What, then, is to be learned from Bumble’s fumble?

Lesson 1: It’s a God forsaken-world

Audrey Dahmen, a senior brand strategy consultant, believes the campaign came out at the worst possible time.

“It totally missed the mark launching during the ongoing conversation of women’s safety like the ‘Man v Bear’ discourse. It also came after Tinder released the ‘Share My Date’ feature, which provides the details of date plans–including location, date, time, and a photo of the match. After Bumble removed its signature feature of women messaging first, you understand why the ad sounds so tone-deaf. The apology is a good start, but it will take more to right this wrong.”

Ibukun Oluleye, a creative strategist, has been tracking the responses on TikTok, Twitter and Instagram. “The issue stems from crazy inappropriate behavior. When you’re positioned as being a platform made to support women’s safety and UX, this comes more across as shaming women and being dismissive rather than cheekiness.”

Bumble's celibacy ad

Lesson 2: Don’t stray from your (convent)ions

Katy Blake, a fractional chief content officer, criticizes the drastic shift in Bumble’s branding strategy. “Bumble was basically built on being a safe place for women. And this relaunch, by removing that feature and then going for such a bold but opposing view, it feels like it has sold out. Women feel let down. This is against the messaging Bumble has stood with for as long as it has existed.”

Chloe Ambrose, a creativity director, doesn’t like the rebrand’s new shade of yellow. It’s “colder.” And it appears the messaging is too. “The ‘you know full well’ on this ad also feels interrogative... Bumble could have vowed to support these people instead via more monitoring or signup requirements instead of telling them to change. People’s backs are already up regarding this topic because, as people rightly said, women go through shit with dating.”

Nadia Williams, a science and engineering PR account executive, questions the fit of the messaging. “I think the ad could have worked for a more ‘out-there’ dating app like Tinder. But the messaging doesn’t fit what I thought Bumble was – a safe space and with more intentional relationships.”

Lesson 3: A vow of silence doesn’t generate links

Andy Barr from 10 Yetis crisis communications PR agency suggests that the controversy might have been a deliberate strategy to generate attention. “I immediately felt this was very Protein World. A deliberate attempt to generate ‘noise.’ Why? Because Google loves noise. Google rewards noise as it often can’t tell if that noise is positive or negative. Bumble users don’t really care what is said about the platform in the media; they just want to try and bump uglies/find their lobster and they have limited app options.”

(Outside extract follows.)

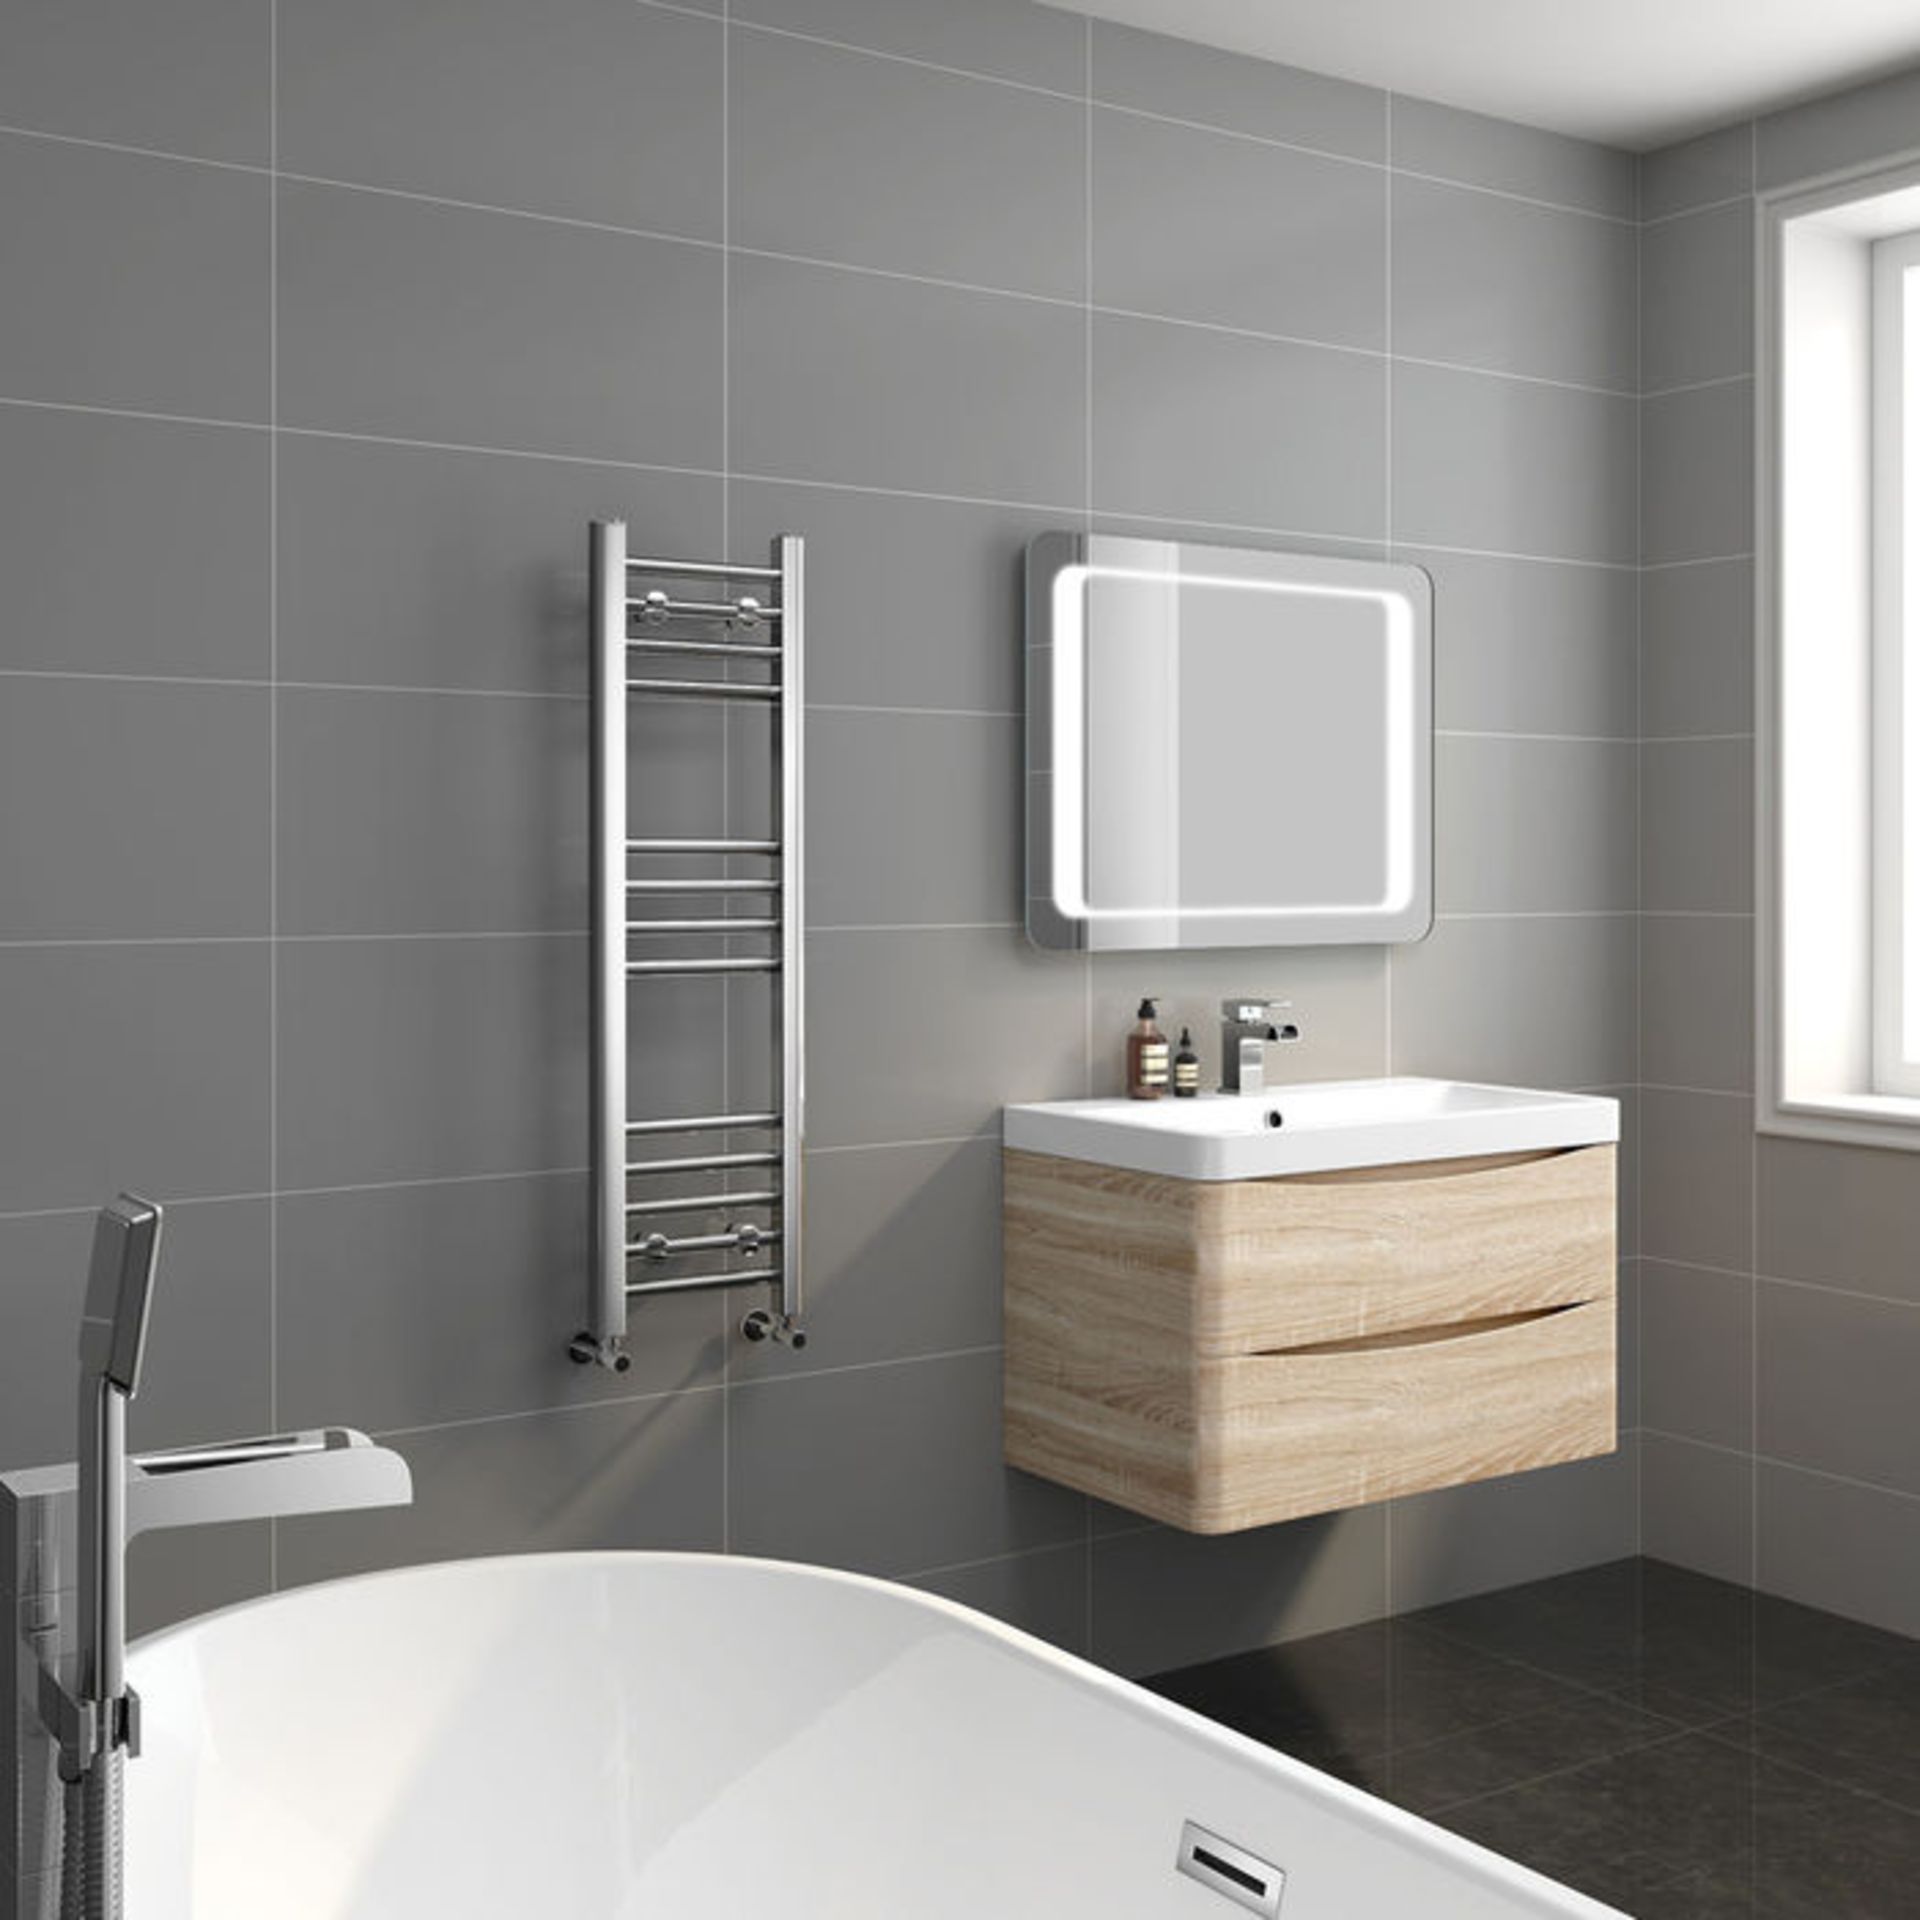 (OS280) 1000x300mm - 20mm Tubes - Chrome Heated Straight Rail Ladder Towel Rail. RRP £185.99. Made - Image 2 of 3

Every time we critique an ad, this opinion comes up, but Bumble wouldn’t put out a provocative ad not to stir up a bit of debate because, as we know, debate and friction equals reach.

Now, not everyone is singing from the same hymn book. Julie Seal, a freelance creative director, likes the ad. She was on Bumble for years. She met her partner on it. She hated being on the app, “mainly because the profiles were so awful“ and she was the “recipient of more than 60 dick pics, never requested a single one.” So, as someone who knows the safety issues these apps have, she comes in with the notion that people need help making their profiles and getting in the mindset.

“This ad simply spoke to the truism and feelings of using a dating app for all; it’s good, I don’t think it missed the mark.” Don’t assume that everyone excommunicated this work. It is a slow news week and Apple is so Old Testament.

After any sin, you have to nail the confession. Finally, Tonina Takova, head of strategy at Social for Good, is among the majority of respondents who thought Bumble did just that. “It missed the mark with the campaign but handled the situation well with the released apology. It owned its mistake and approached the situation with humility and empathy towards the communities it offended.”